Illustration: Dominic Xavier/Rediff.com

Buyers of stressed assets might soon get an exemption from paying the minimum alternate tax (MAT), and the need for getting approval from fair-trade watchdog the Competition Commission of India (CCI).

 

A government-appointed committee is planning to recommend amendments to the Insolvency and Bankruptcy Code (IBC) to make this happen.

This is being done keeping in mind the urgency of these transactions, and it would help the ongoing insolvency cases, including the 12 accounts referred by the Reserve Bank of India (RBI) to banks.

These accounts include Monnet Ispat, Essar Steel, Bhushan Steel, and Electrosteel Steels.

Every merger and acquisition in India requires the CCI’s approval. This is essential to ensure companies do not abuse their dominant position in a sector.

Competition lawyers said exempting buyers of stressed assets from the competition law would be a double-edged sword.

Doing away with the approval process completely might lead to one player exploiting its dominant position in the market; at the same time, delay because of the approval process can be avoided.

The Securities and Exchange Board of India (Sebi) has already exempted these companies from open-offer, even if it crosses a threshold.

Companies buying these assets need not make an open-offer, which is mandatory for other listed companies above a threshold.

Any entity acquiring at least 25 per cent in a company has to make an open offer for another 26 per cent.

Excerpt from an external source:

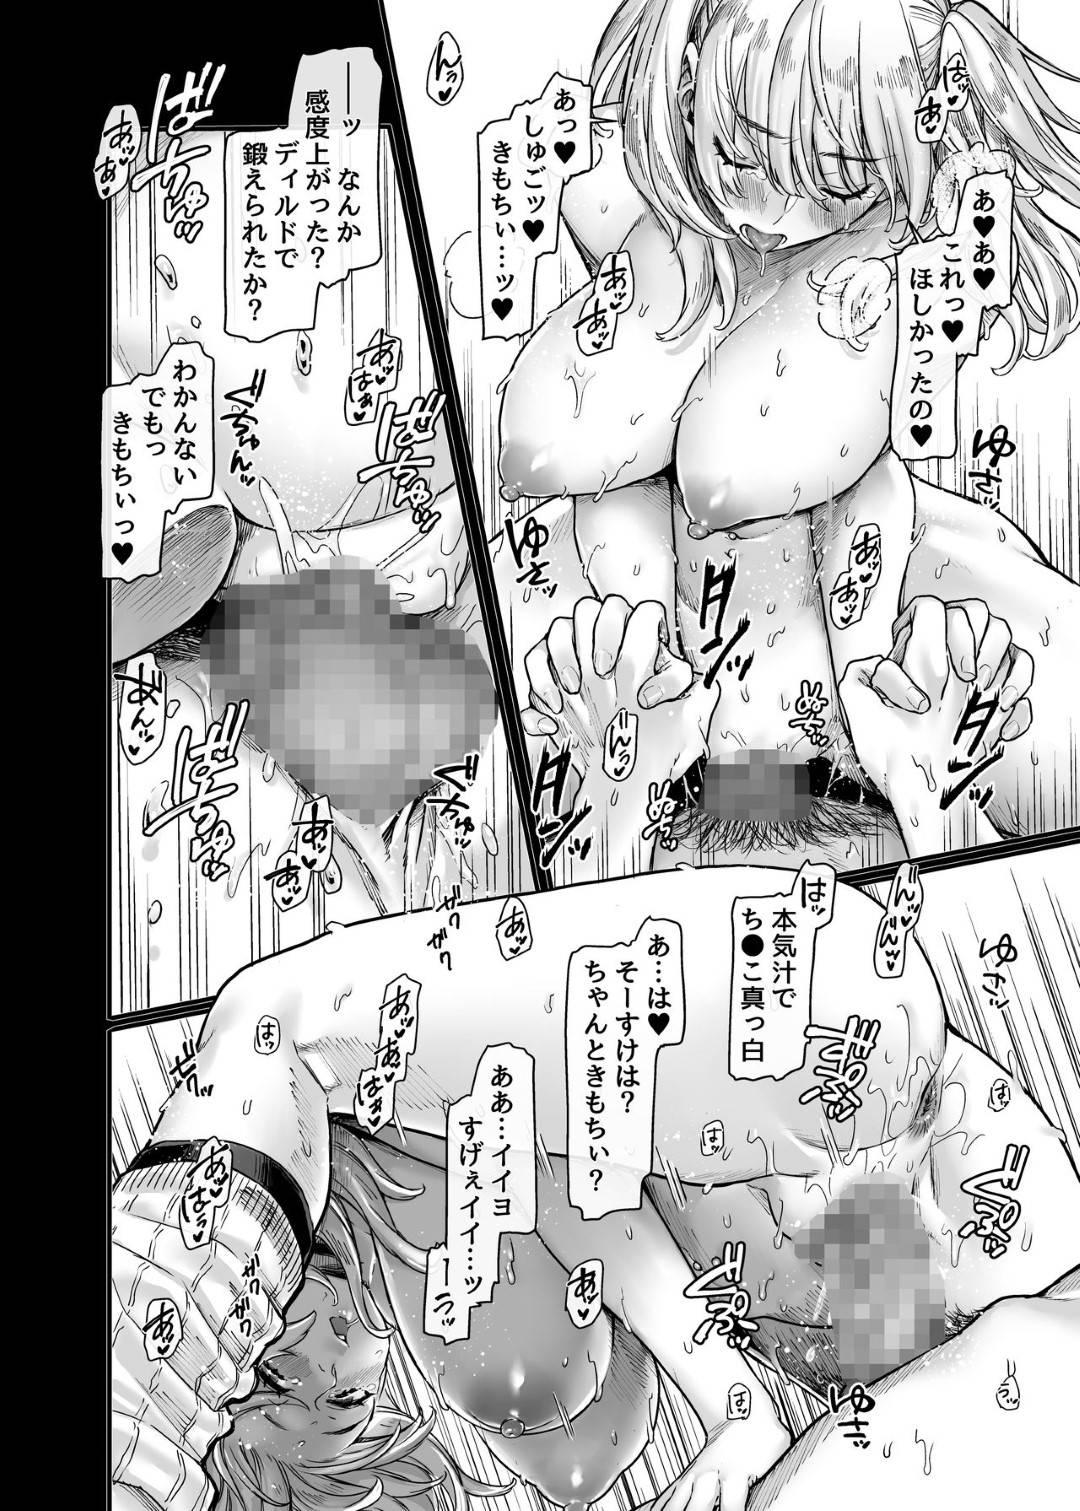 【エロ漫画】ディルドオナニーしているところを彼氏に見られてしまったムチムチギャル…その事がきっかけでエッチな事をする展開になった彼女はディープキスや乳首責めを受け、正常位や対面座位、騎乗位などの体位でチンポを挿入されてヨガりまくる!【露々々木もげら:ラストモール~首吊男子と肉食女子~ 第2話 内気なギャル】

So far as exemption from the MAT is concerned, this may be done by modifying tax liabilities for companies acquiring such assets, somewhat in line with the provisions of the Sick Industrial Companies Act (Sica).

The Sica norms give relief to sick companies from paying the MAT; those taking over insolvent companies may also get an exemption from this tax.

Under the Sica, profit of a company when it is declared sick is reduced before arriving at the amount on which the MAT is to be charged.

Also, when a portion of the debt of the insolvent company is written off, the gain for the acquirer is notional.

Under the Sica, a concession from the MAT was provided under this.

The committee will also look at the position of homebuyers and where they will fit in the hierarchy of creditors, vis-à-vis the IBC.

A senior Ministry of Corporate Affairs official said, “We have the Real Estate Regulator Agency to protect homebuyers’ interest, while the IBC is meant to primarily to look after the interest of bankers. We need to figure out how homebuyers fit in our scheme of things.”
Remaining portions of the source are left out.